The company proposing to build a $600 million waste to energy facility at Bungonia is sending mixed messages, an action group says.
Jerrara Action group member Leisha Cox-Barlow has questioned why Jerrrara Power has urged the state government to reduce its processing requirements for municipal solid waste it would receive at the facility.
It comes despite company managing director Chris Berkefeld's statements at several community meetings that "the uglies" will be taken out of up to 330,000 tonnes of residual material annually at the Jerrrara Road plant. It says the red-bin waste, industrial and commercial material will be pre-sorted and not suitable for recycling.
Jerrara Power is in the early stages of planning for the facility and is yet to lodge an application and EIS to the state government. However Bungonia and district residents have already made their opposition clear at well-attended and vocal community meetings.
Mrs Cox-Barlow has highlighted the company's submission on the state government's NSW Energy from Waste draft policy statement.
"...Where a council has a separate collection system for dry recyclables and food and garden waste, mixed municipal solid waste (MSW) should not need to go through a processing facility before going to an energy to recovery facility," the submission states.
"Removal of hazardous (material) from the mixed waste stream is an objective of Jerrara Power, however it can be difficult to guarantee absolute removal of every battery, light bulb and the like. Efforts should and will be made to remove such items in the upstream supply chain....However the energy from the waste process is robust enough to deal with small amounts of this material."

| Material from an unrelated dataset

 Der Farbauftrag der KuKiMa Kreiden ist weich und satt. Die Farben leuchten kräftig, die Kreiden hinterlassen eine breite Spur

The company also argued that while 100 per cent compliance with emissions standards was desirable, allowance should be made for minor exceedances where "normal operating conditions" didn't apply.

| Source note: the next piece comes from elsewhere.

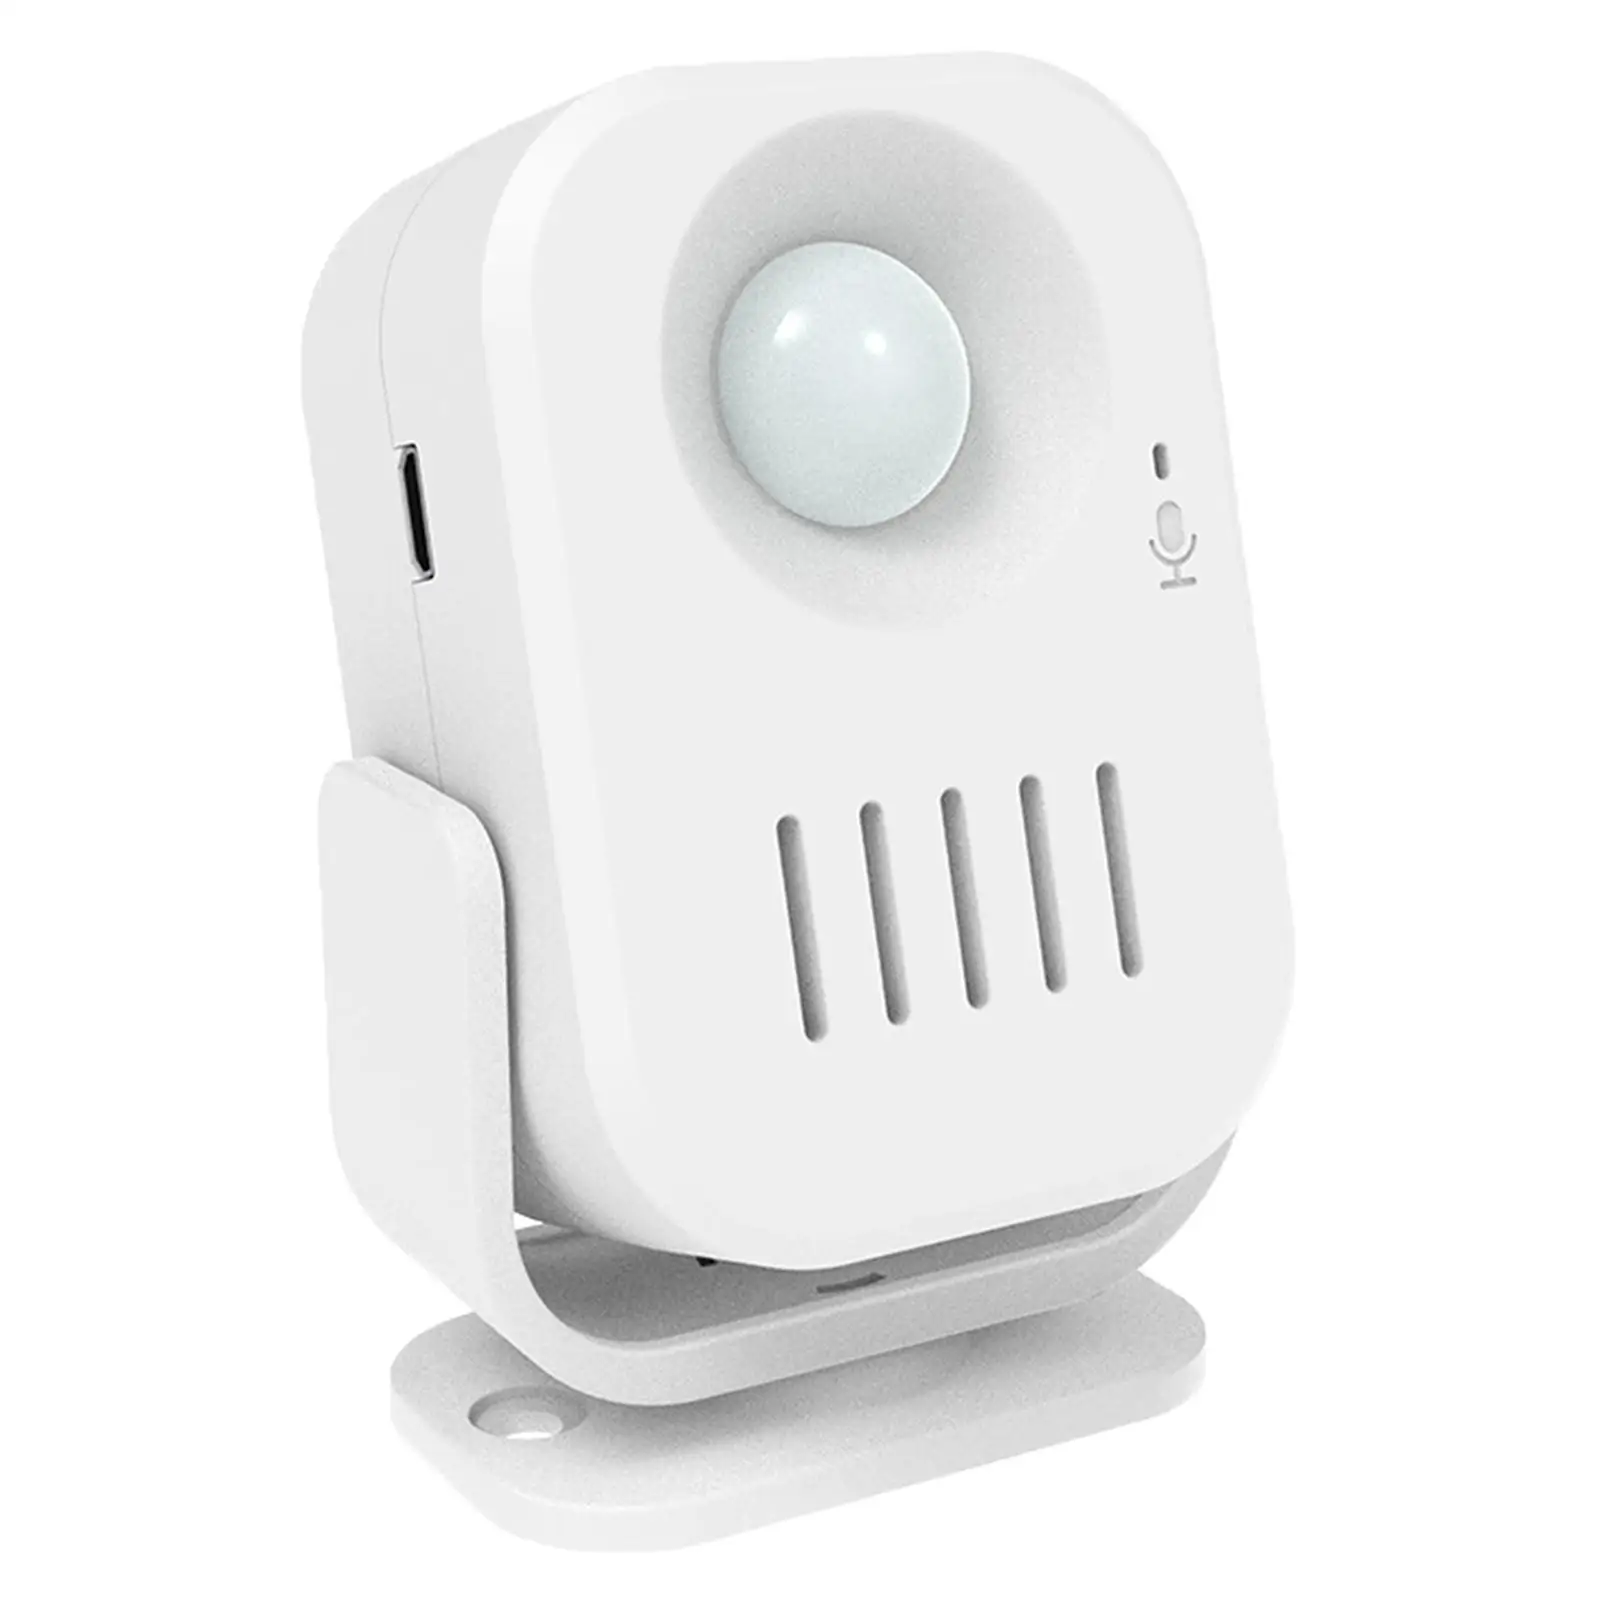 Wireless Motion Sensor Detector Doorbell 2-8M Range Caregiver Reminder Warning Door bells alarm Chime for Entry shop Market

The action group argues such concessions would "guarantee" toxic fumes in the environment, jeopardising public health through air and water impacts.
"So they will burn what they want," Mrs Cox-Barlow said.
"They're saying to us that that they will sort the waste to achieve 100pc compliance but this submission is about taking out the sorting process."
But Jerrara Power managing director Chris Berkefeld said while 100pc compliance was ideal, it was not practical.
"This is about searching for an answer that works," he said.
"This plant will burn an amount of waste that creates 11,000 tonnes of (toxic) flue ash that you don't want in there. It stops the toxins getting out and it's a discussion about how good you can get the process.
"...We may get to 98 or 99pc but we will have to assess any health impacts with the EPA."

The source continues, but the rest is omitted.